Макс облизнул пересохшие губы и подошёл, готовясь изобразить что-то пальцами, — и осёкся.
Коляска была пустой. Только вышитое одеяло, густо испачканное тёмной, почти чёрной кровью.
Позже, когда Макс убедил себя, что никакой женщины не было, он решил: виверн просто забрался в первую пещеру, которую считал подходящей. И может быть даже, там кто-то когда-то жил, в этой пещере, раз уж в память так врезались то трюмо и те газеты.

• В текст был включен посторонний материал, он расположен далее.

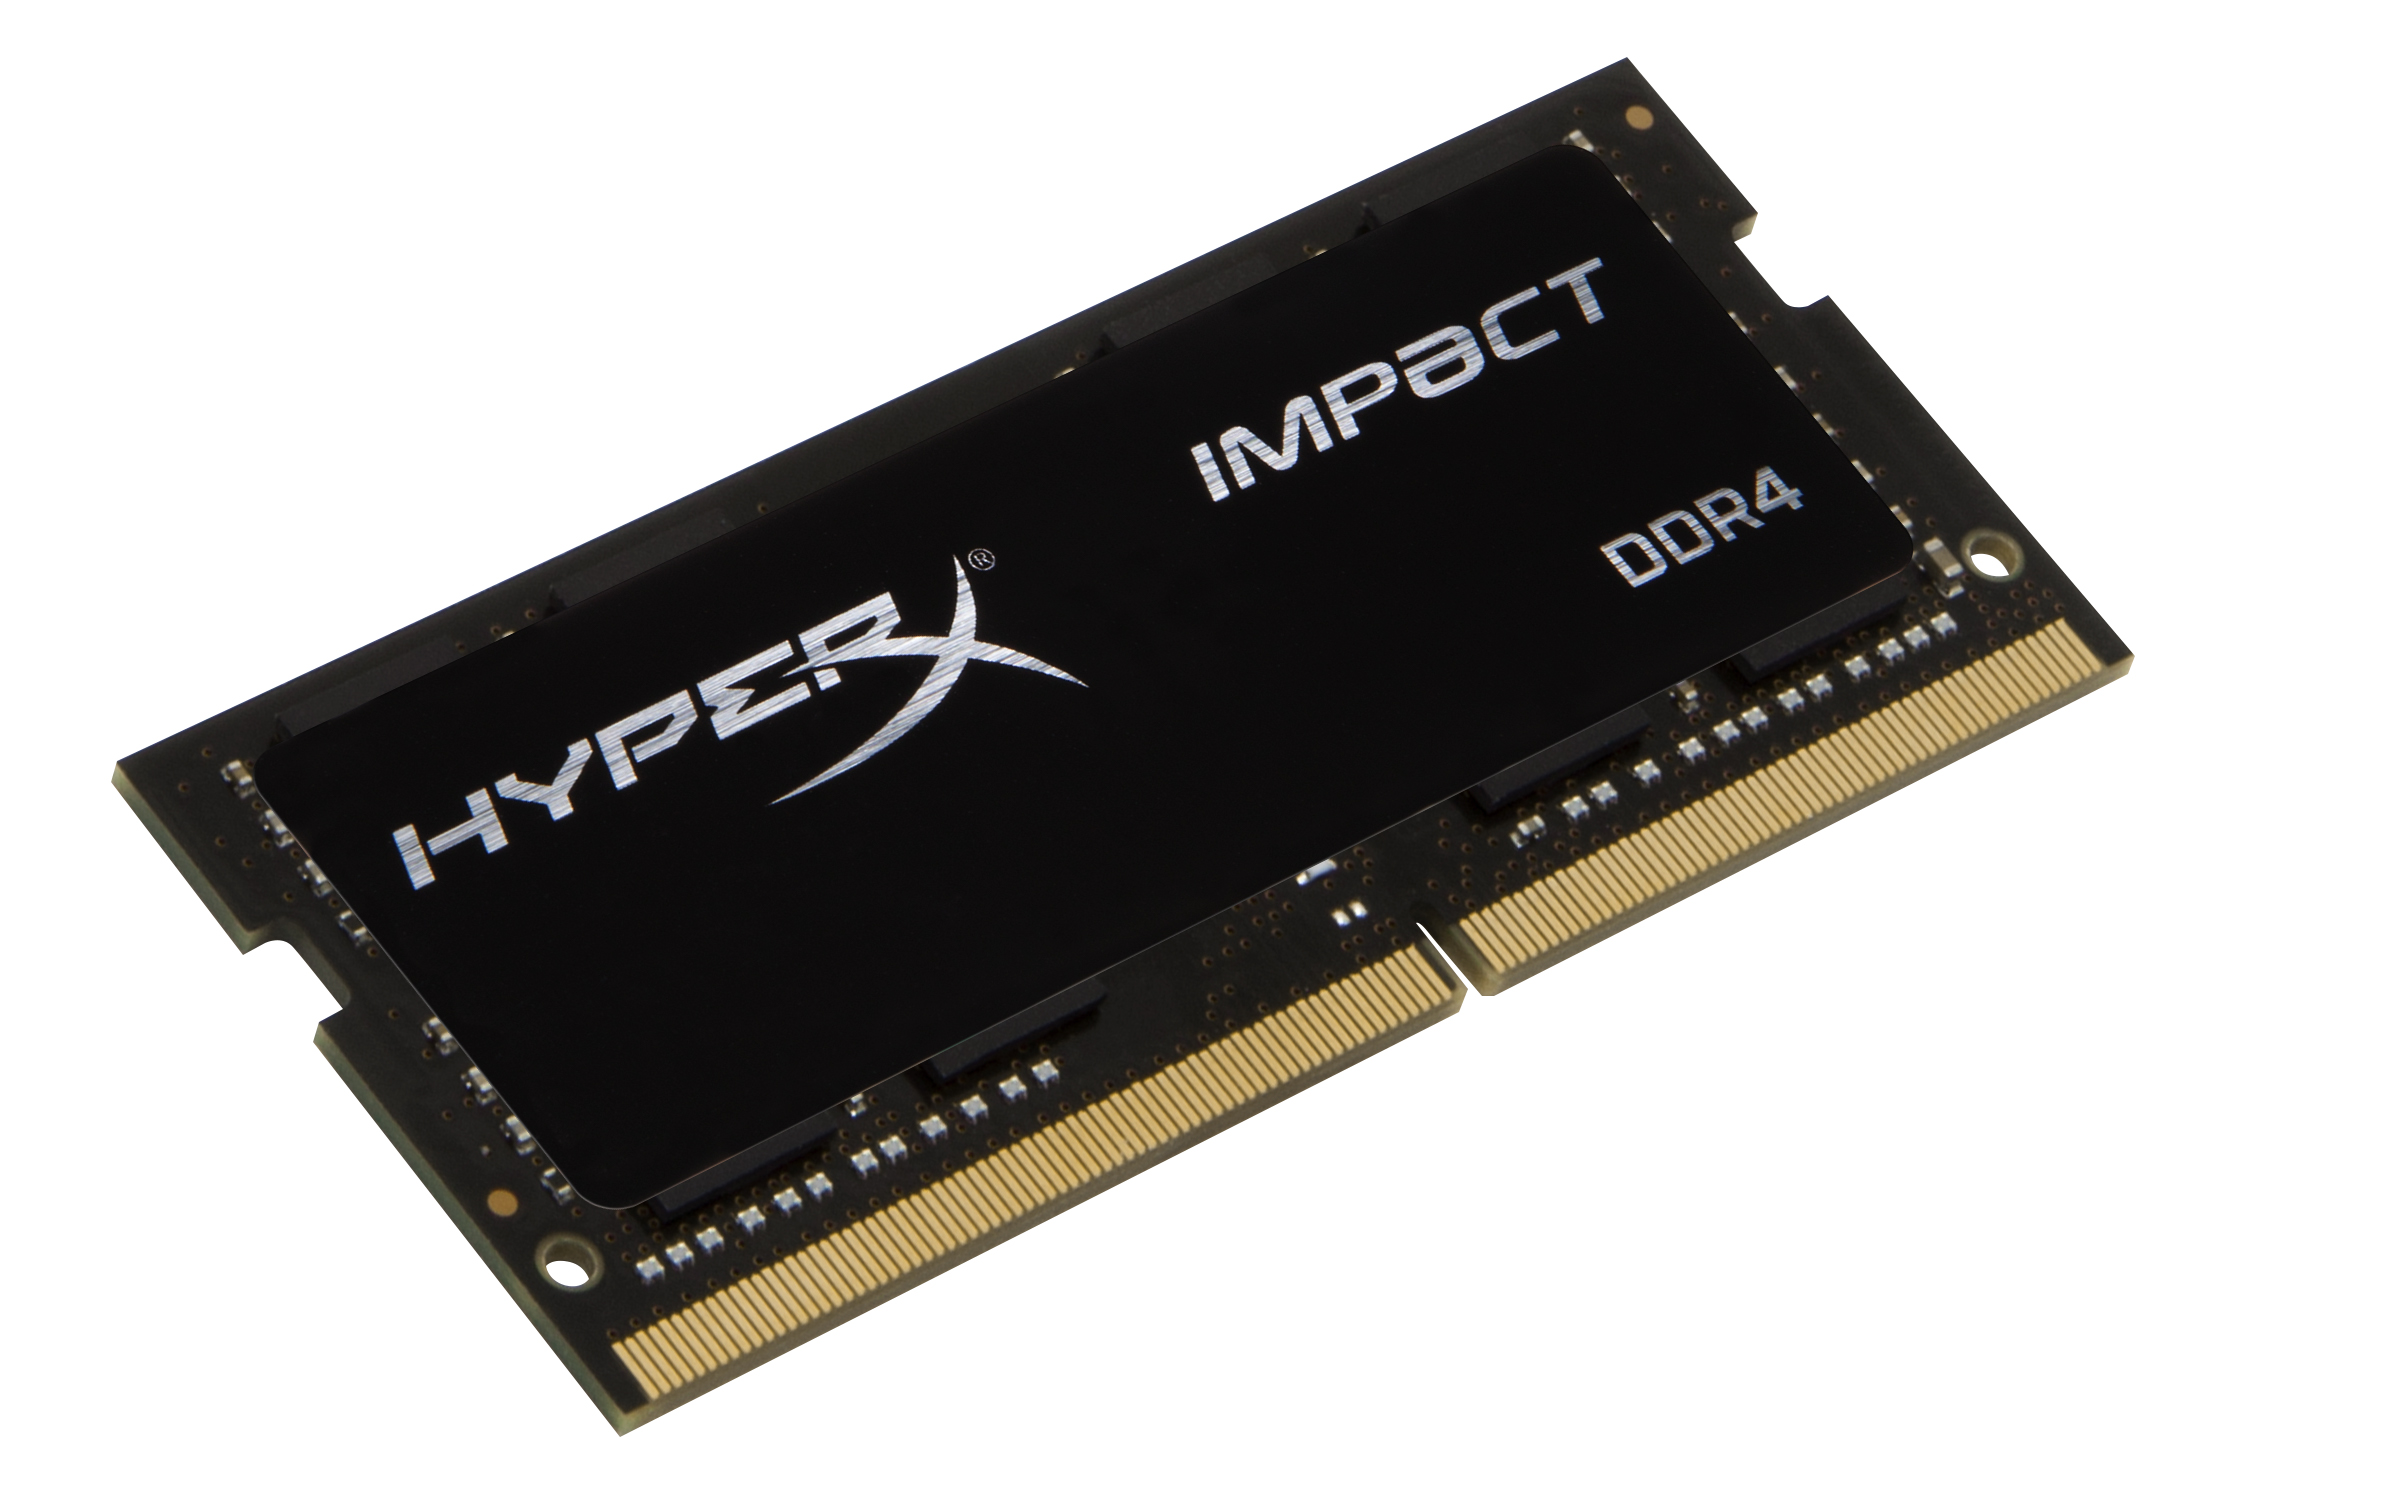 hyperx impact ddr4 dual rank hyperx impact dualrank ddr4 so dimm 1 hr 26 05 2017 15 32 HyperX ประเดิมปี 2563 ด้วยไลน์ผลิตภัณฑ์สำหรับพีซีและเครื่องเล่นเกมคอนโซลรุ่นใหม่ที่งาน CES และพร้อมรักษาความเป็นผู้นำในตลาดต่อไป

Но женщины никакой не было. Не было белых тонких запястьев, не было песни, не было пустой коляски. Это всё было видением из-за отравленного воздуха, а на самом деле Макс очнулся сам, и у Макса была работа. Он успокоил виверна, забрав себе боль в его крыле, вылетел по приборам и дошёл до нужных координат, закрепил фугас под перешейком.
Кнопка оказалась смятой, — вероятно, повредилась при падении. Макс долбанул по ней кулаком посильнее, но начинённое смертью яйцо оказалось глухо. Тогда Макс отлетел подальше, взялся за оружие…
У него дрожали руки. Седло под ним тряслось, виверну тяжело было висеть на месте с драным крылом. Но в тот момент, когда Макс вскинул винтовку, в мире не было ничего, кроме прицела и жёлтого круга на боку фугаса.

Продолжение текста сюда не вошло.